• Age:5-25 years old(including threshold);

• Diagnosed with AAV according to the 2022EULAR/ACR AAV classification criteria；despite of the Treatment with glucocorticoids (more than 1mg/kg/ day), cyclophosphamide, and rituximab for at least 3 months, still cannot achieve sustained response or disease recurred after response; Or use glucocorticoid combined with cyclophosphamide/rituximab plus more than one of the other immunosuppressants (including azathioprine, moxophenolate, methotrexate, leflunomide, tacrolimus, cyclosporine, beliuzumab, etc.) ≥3months，still failed to achieve sustained remission or relapsed after remission; Or meet the diagnostic criteria for severe vasculitis, clinical routine treatment is ineffective, the benefit is judged by the investigator to outweigh the risk, and the patient or guardian has fully informed consent, can be considered for inclusion。
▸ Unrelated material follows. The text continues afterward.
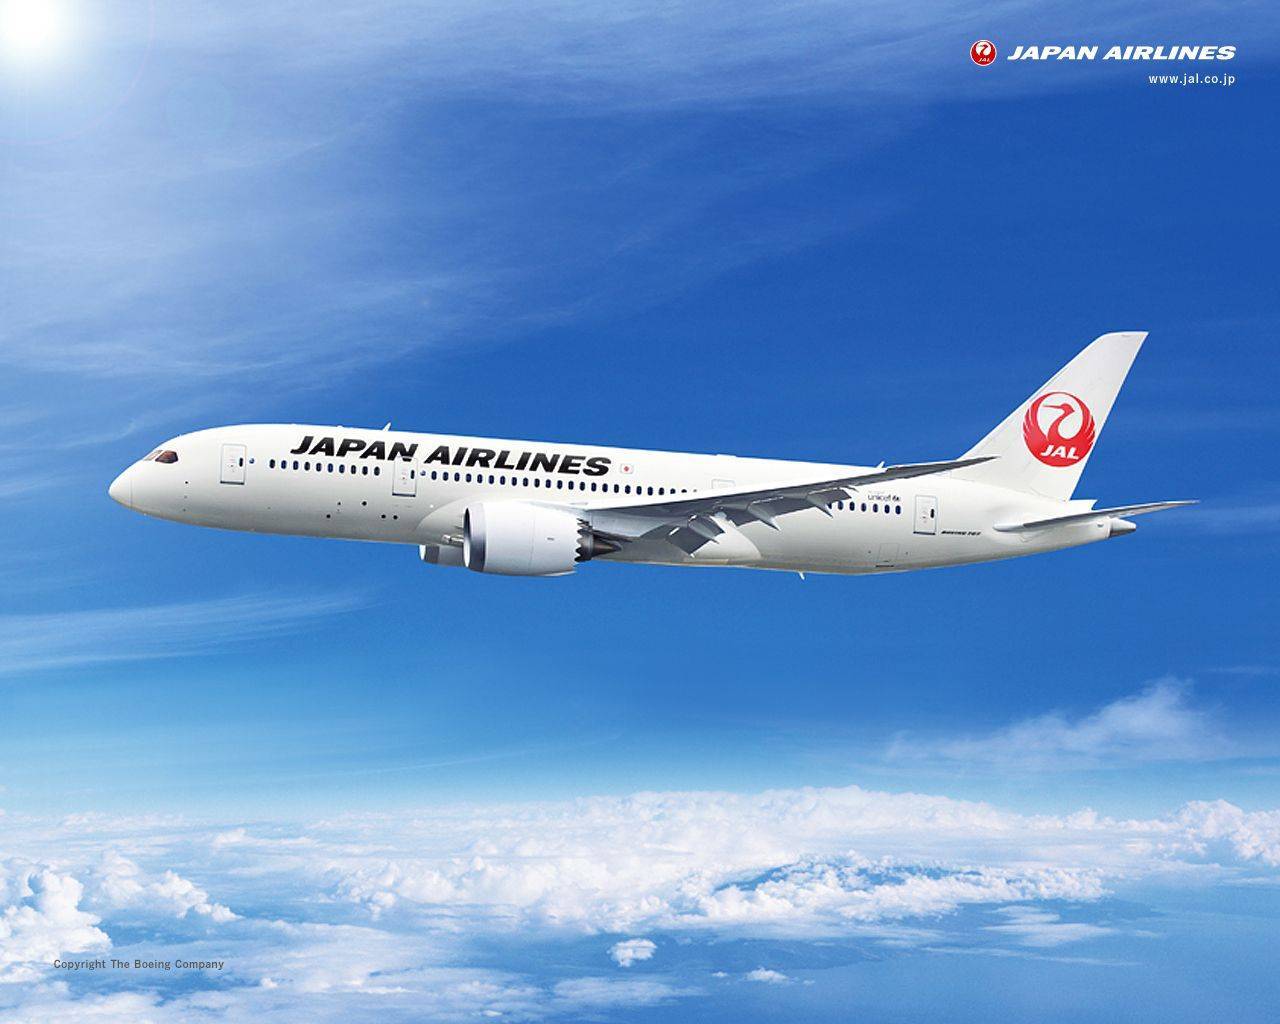 Японские авиалинии. авиакомпания japan airlines - miuki mikado • виртуальная япония
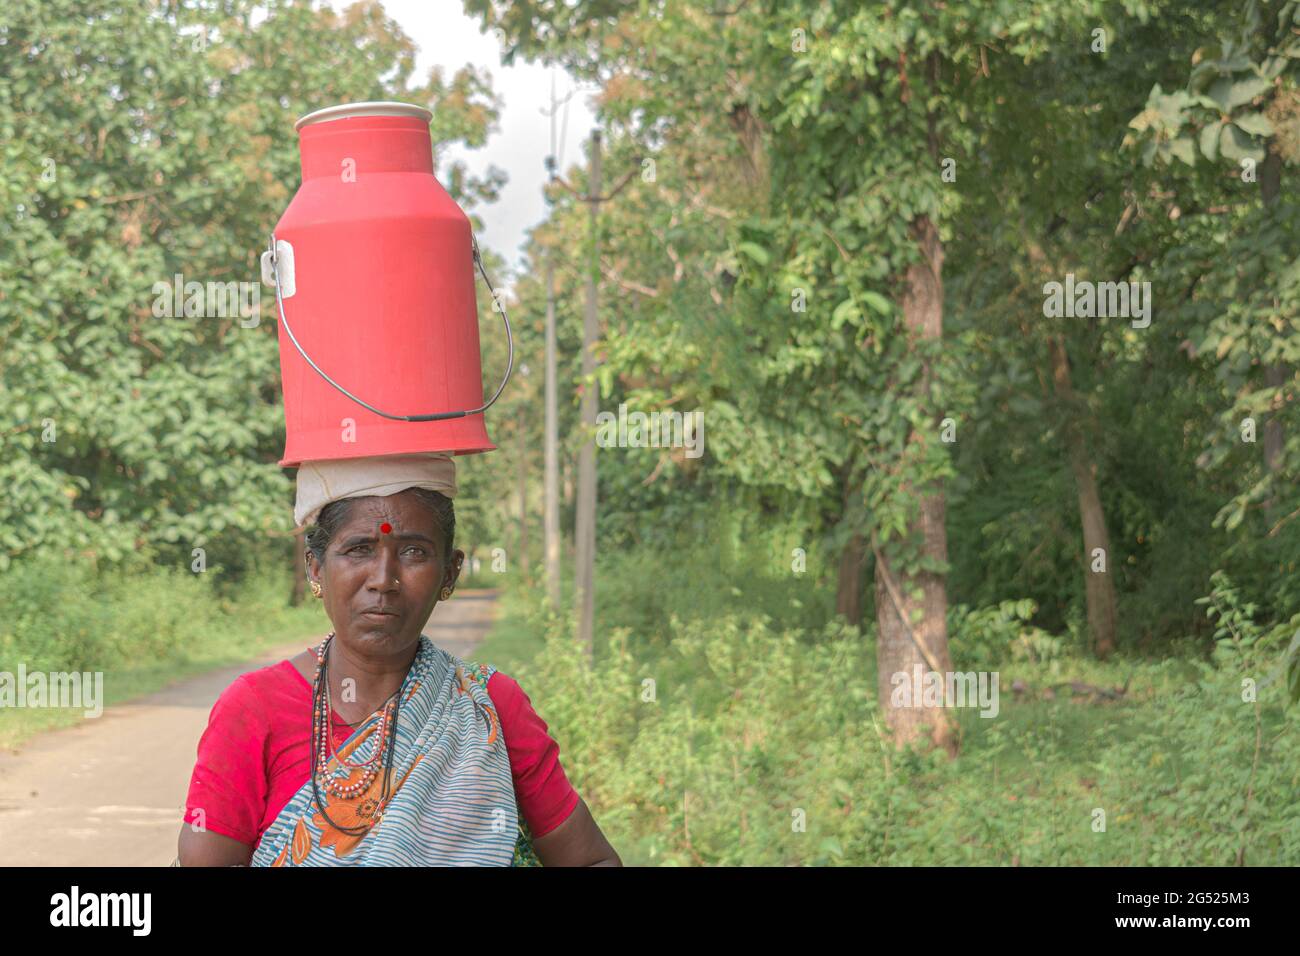 Femme indienne tribale habilitée à porter des vêtements ethniques, transportant un récipient à lait sur la tête pour le livrer de porte à porte pour les clients. Femme d'âge moyen travaillant dur. Banque D'Images

• patient \<18 years old：PVAS≥15（total 63）；≥18 years old: BVAS≥15(total 63)

• The functions of important organs are basically normal: Cardiac function: Left ventricular ejection fraction (LVEF) ≥55% with no obvious abnormality in electrocardiogram; Renal function: eGFR≥30ML/min/1.73m2； Liver function: Asparagus cochinchinensis transase (AST) and Alanine Aminotransferase (ALT)≤3.0 ULN, Total Bilirubin (TBIL) in serum ≤2.0×ULN; Lung function: No serious lung lesions, SpO2≥92%;

• Met the standards of leukapheresis or intravenous blood collection, No contraindication for cell collection;

• Negative pregnancy test for female Subjects of childbearing age, agree to take effective contraceptive measures the first year after CAR-T infusion;

• Participants or their guardians agrees to participate in the clinical trial and sign the informed consent form which indicating that he/she understands the purpose and procedure of the clinical trial and is willing to participate in the study.